John Douglas Hall, master interpreter of President James Madison chats with a young visitor to Montpelier. (Photo from Belle Grove)

John Douglas Hall, master interpreter of President James Madison, chats with a young visitor to Montpelier. (Photo from Belle Grove)

Last Saturday, during an event filled with dignity, ceremony and the best of history, President Alger and members of the JMU community traveled over the mountain to the home of President James Madison, Montpelier. It was a day where the past and the present met.

The occasion marked the 262th birthday of the fourth U.S. president and the man for whom our university is named. President Alger delivered a speech in which he called for a “Return to Madison” — a serious charge to recapture the kind of productive civil discourse that was so fundamental to President Madison’s success as a founding father. In a society often filled with rude and contentious interactions, it was a timely and important message.

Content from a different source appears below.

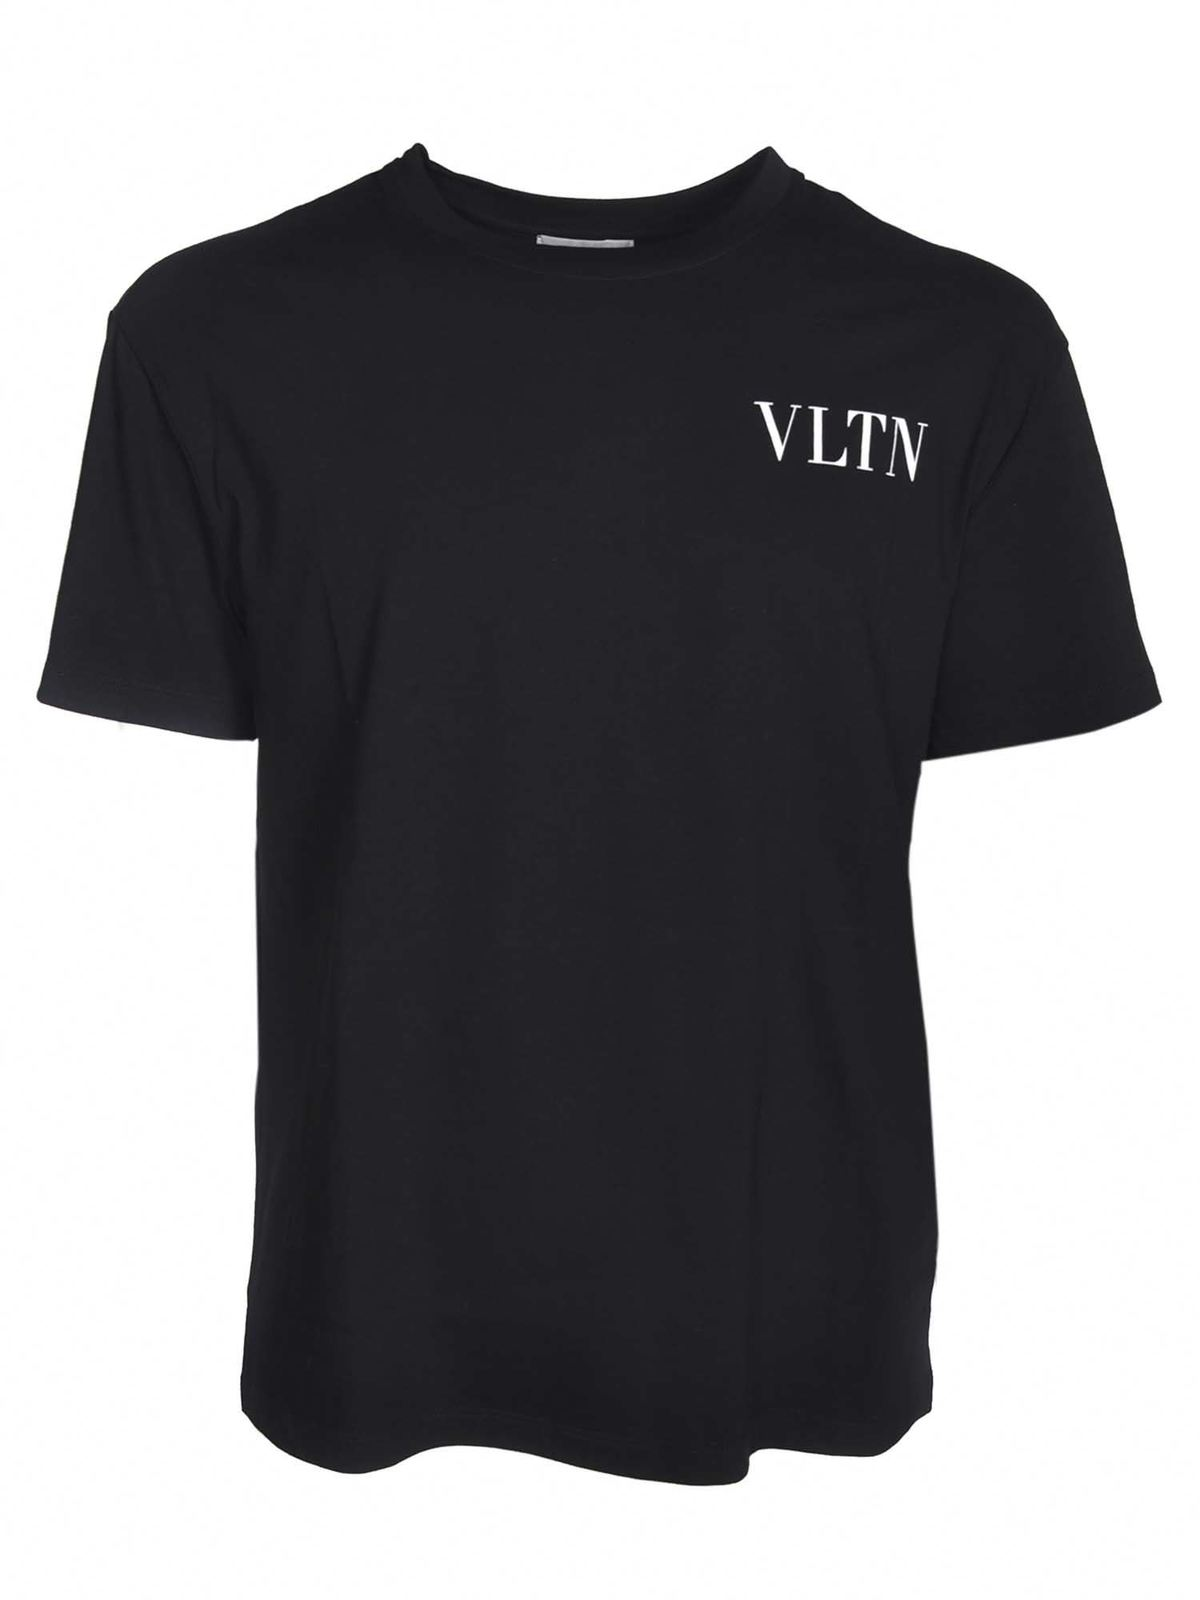 Valentino LOGO T-SHIRT IN BLACK

In the audience that day  was a couple who is also working hard to keep alive the memory of James Madison. Michelle and Brett Darnell — an intrepid couple by anyone’s definition — have been working for the past several years to restore the historic birthplace of the fourth president, Belle Grove Plantation located in Port Conway, Va. (We’ve blogged about Belle Grove before.) Although neither Michelle nor Brett is a graduate of JMU, we would be hard pressed not to label them as part of the Madison community. Their work to restore and open the plantation adds yet another dimension  — and destination —  to the important story of James Madison.

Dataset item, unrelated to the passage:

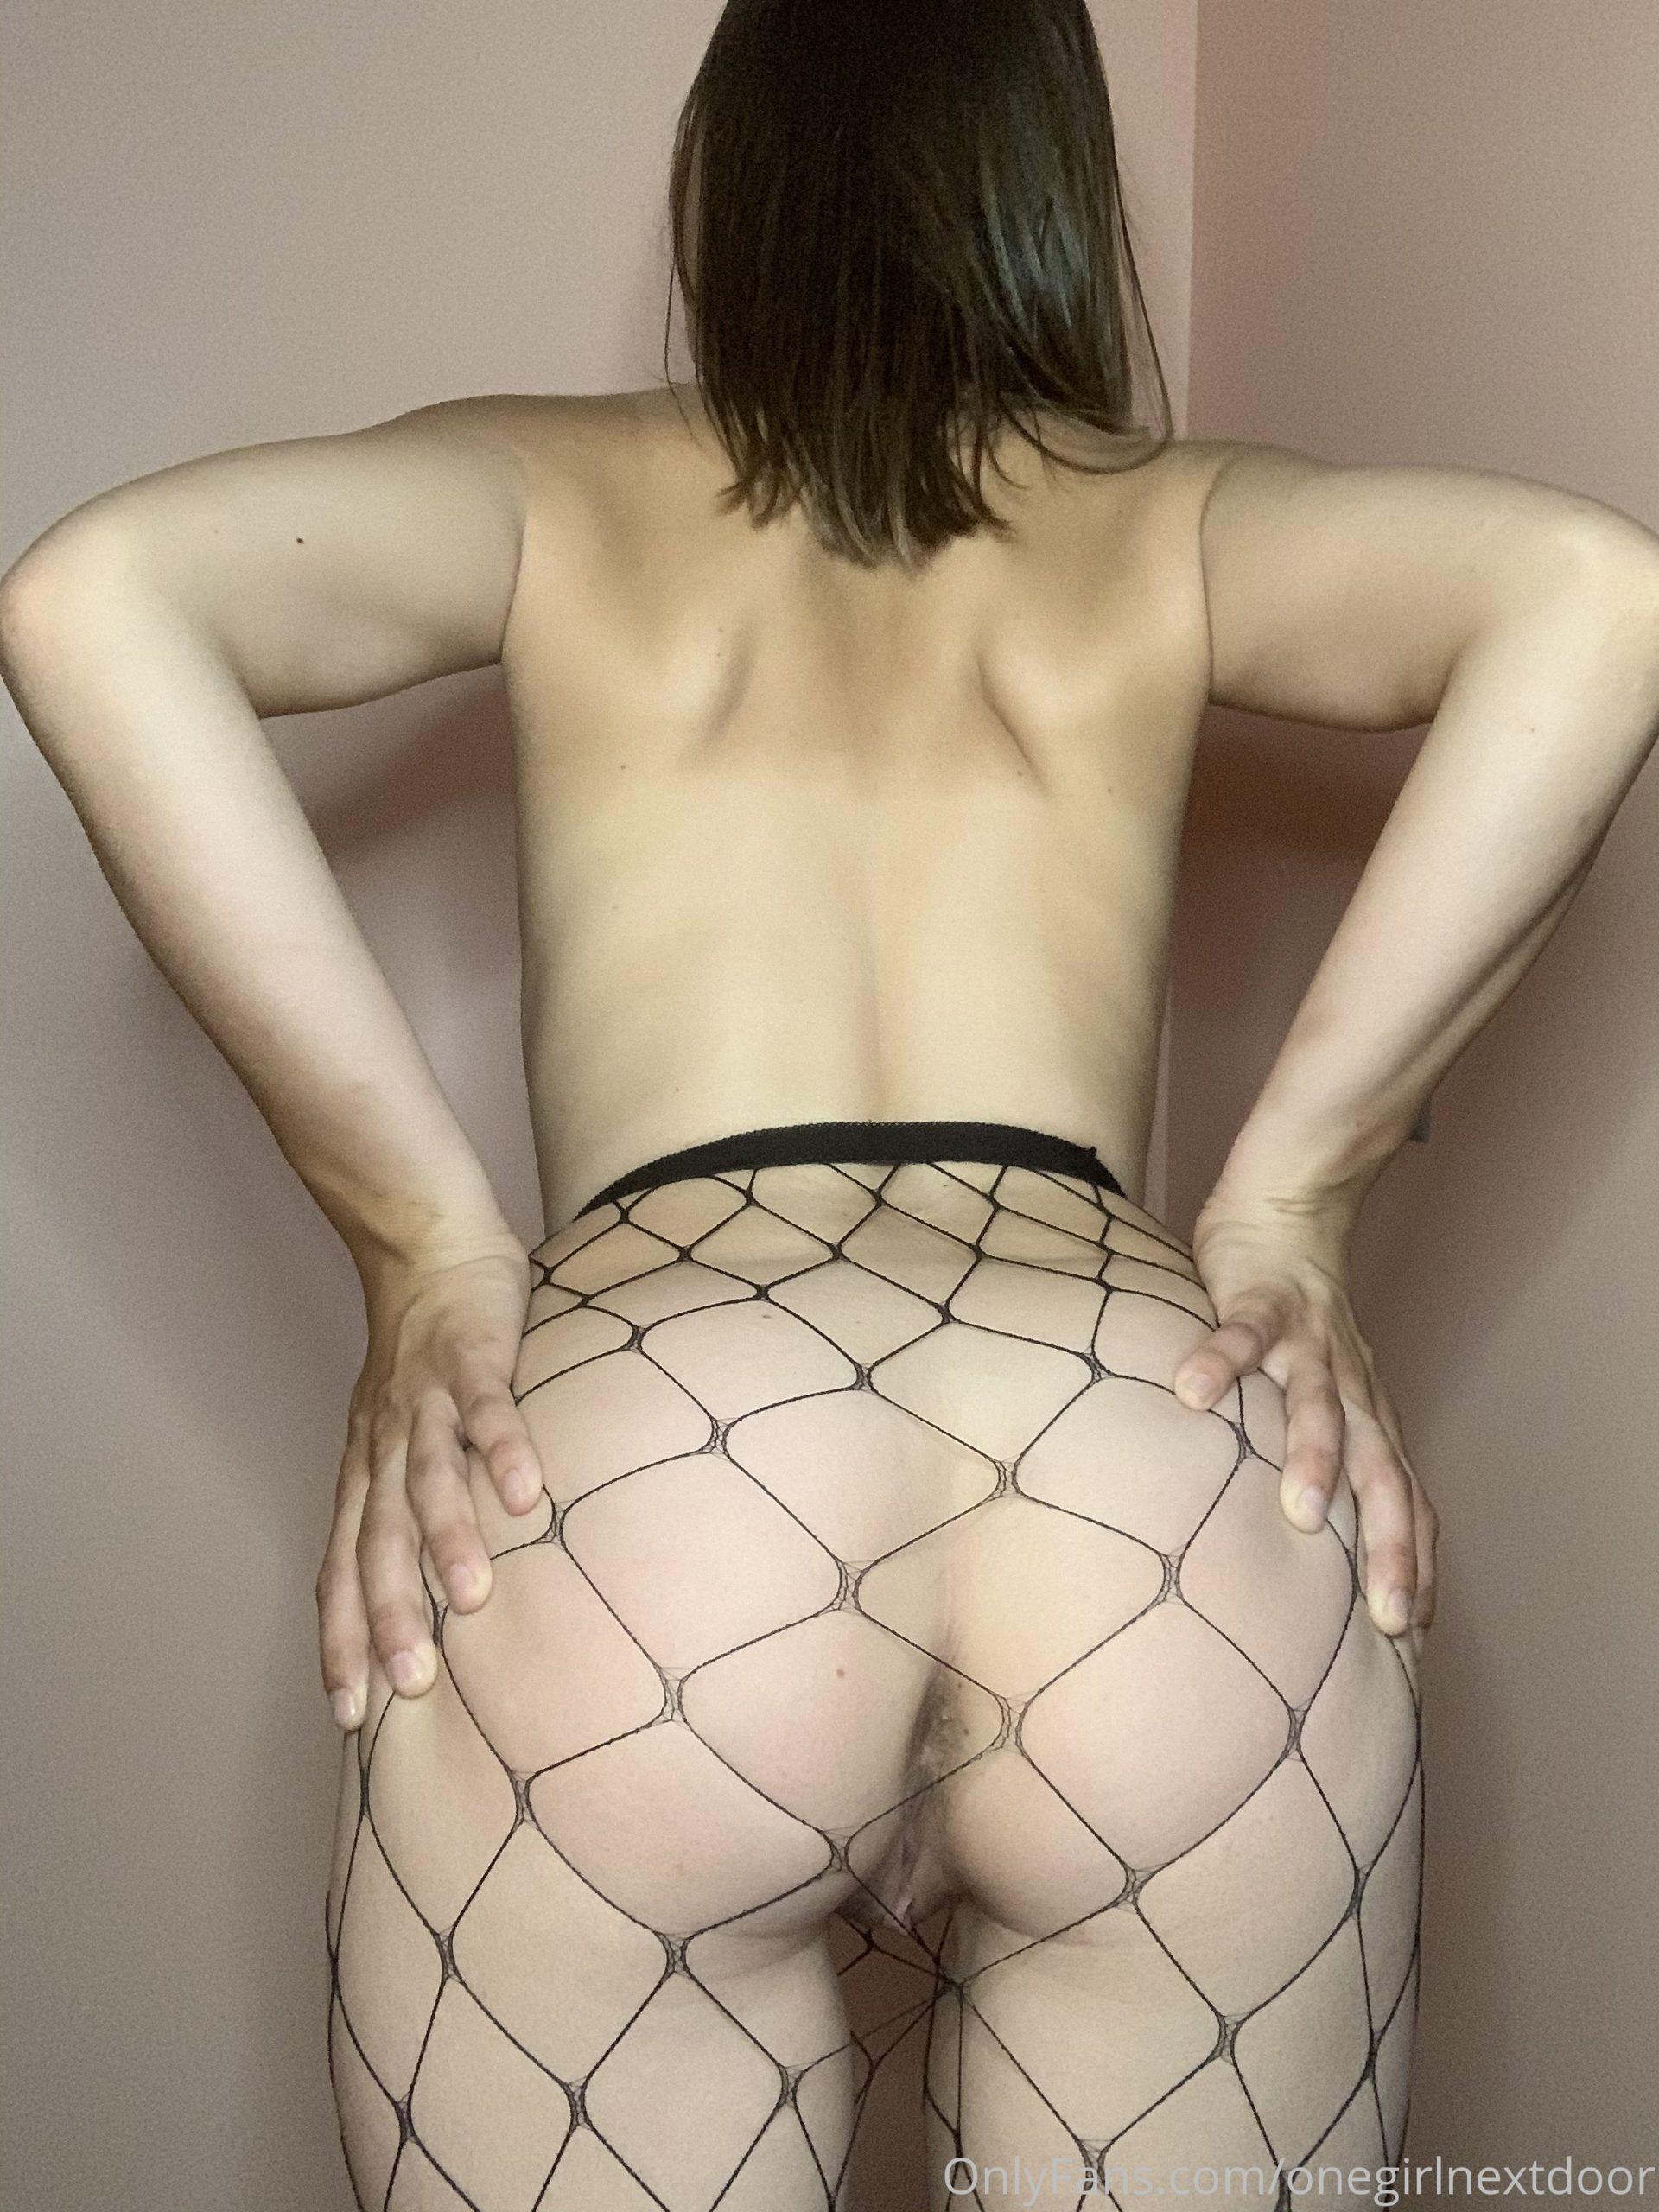 FULL VIDEO: Ashley Tervort Nude Onlyfabs Leaked!

Michelle and Brett Darnell

Michelle and Brett Darnell

I follow the Darnell’s Belle Grove Plantation blog and noticed Michelle had written a post about their day at Montpelier. The couple met President Alger and John Douglas Hall, the man who brings James Madison to life. They took in the ceremony, the history and the beauty of Montpelier. (Michelle’s blog also has lots of pictures from the event. See the link above.)

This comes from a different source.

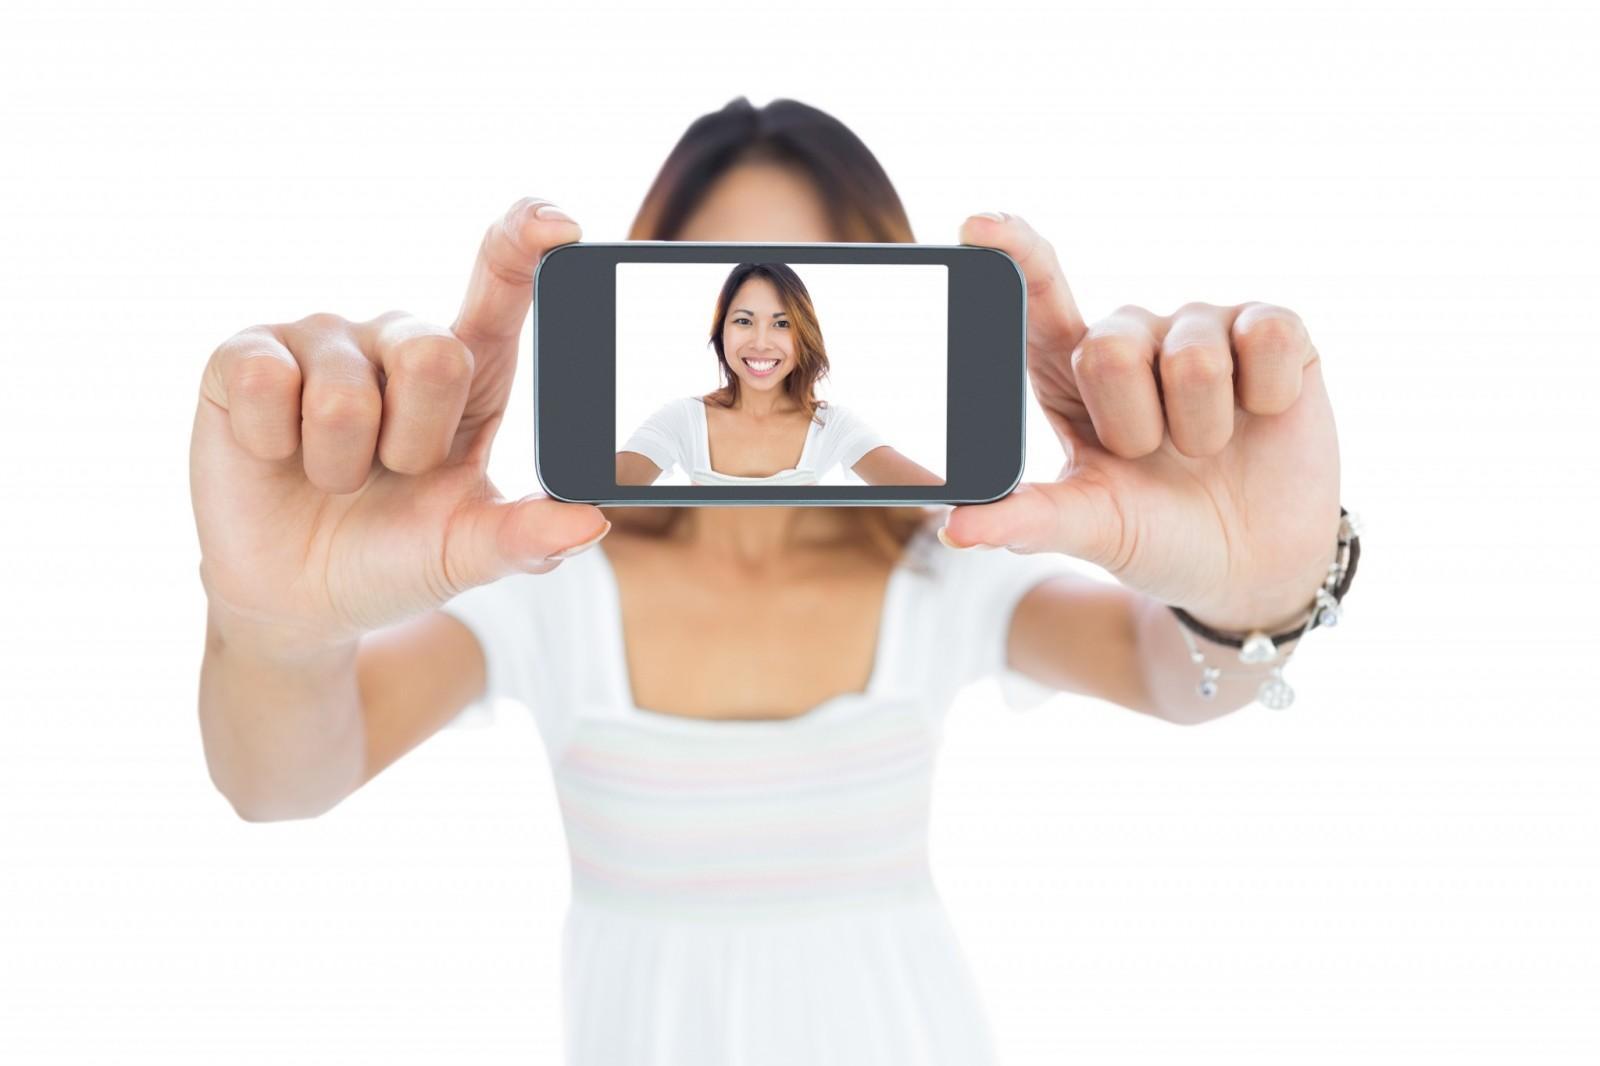 Selfie image via Shutterstock.com

One observation in the blog was especially interesting. She wrote:

As we entered the room, we observed Mr. Madison sitting with a young girl on one side of the room deep in conversation. Her father was sitting across the aisle taping the conversation on his cell phone. Mrs. Madison was on the opposite side of the room also holding a conversation, with a young boy.

It was as if the past collided with the present, one of those rich moments when history becomes real and accessible. When this happens, our challenge is to learn everything we can and apply its lessons wisely, as President Alger suggests.

In addition to marking the day, the event signaled a strengthened association between JMU and Montpelier. The collaboration will benefit historians, students of all ages and anyone curious about history. It will happen in classrooms, over the Internet and wherever people — like Michelle and Brett — are sufficiently interested in history to gather and chat.